С первых же дней Горькому пришлось убедиться в том, что сельская лавочка ночами представляет собою чуть ли не осажденную крепость и что Ромась в этой обстановке вражды и недоверия сохраняет такое спокойствие духа, какое бывает только у человека, непоколебимо верящего в успех и правоту своего дела. «Если б все люди так спокойно делали свое дело!» — восхищенно думал Горький.

В «Моих университетах» очень явственно дана картина классового расслоения деревни 80-х годов:

«…Заметно, что все люди села живут ощупью, как слепые, все чего-то боятся, не верят друг другу, что-то волчье есть в них».
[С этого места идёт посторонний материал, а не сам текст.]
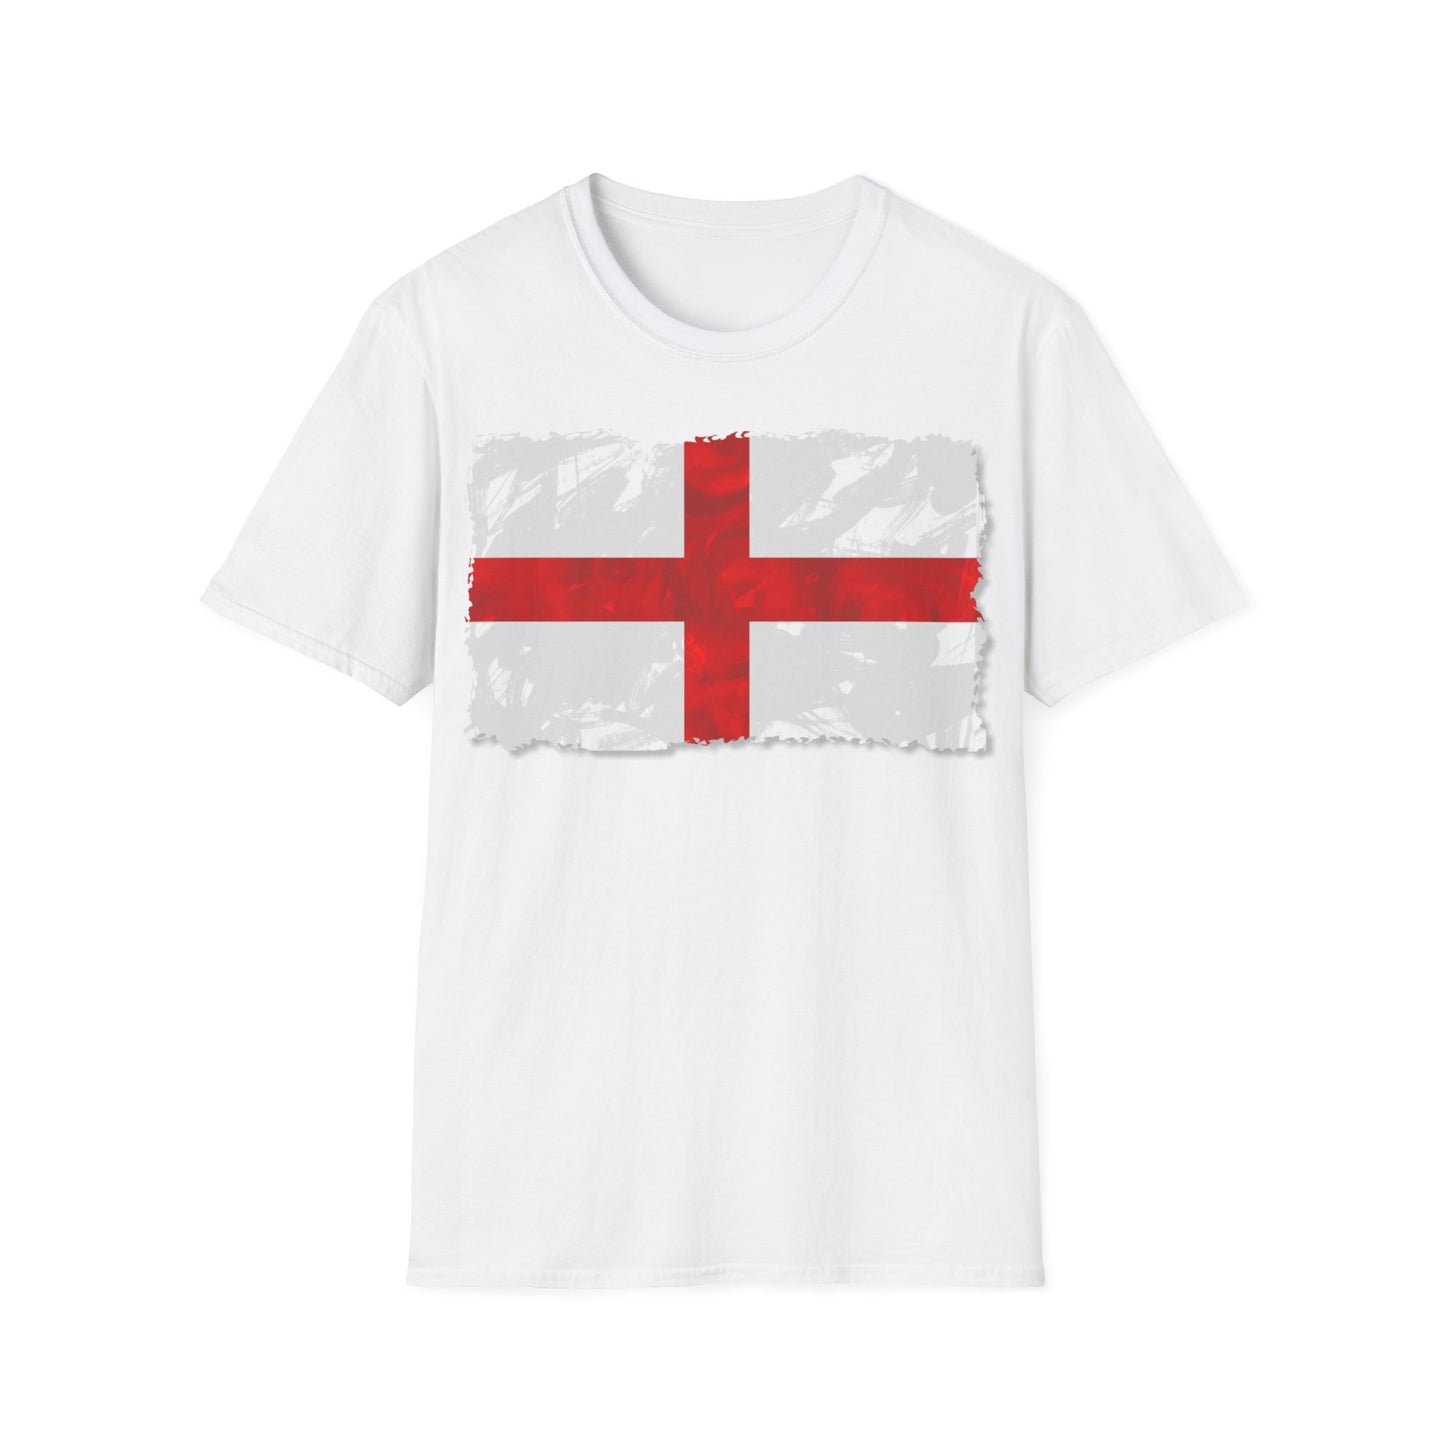 Grunge Painted England Flag T-Shirt

Обострение классовой борьбы не могло не отражаться на положении городских пришельцев, Ромася и Горького. И если рядовой «хозяйственный мужик» относился к ним с настороженным недоверием, то кулачье проявляло действительно «волчье» отношение.

Ромась продавал товары значительно дешевле других двух сельских лавочников, сообщает Горький, что быстро вызвало их ненависть к конкуренту, и они решили расправиться с ним «по-домашнему»9.

На Ромася и Горького ночью нападали с кольями, в Ромася дважды стреляли из ружья, начинили полено порохом и взорвали печь у него в избе, надеясь, что от этого погибнет и сам Ромась и его помощник; крестьянина Изота, приверженца Ромася, убили топором, когда он рыбачил.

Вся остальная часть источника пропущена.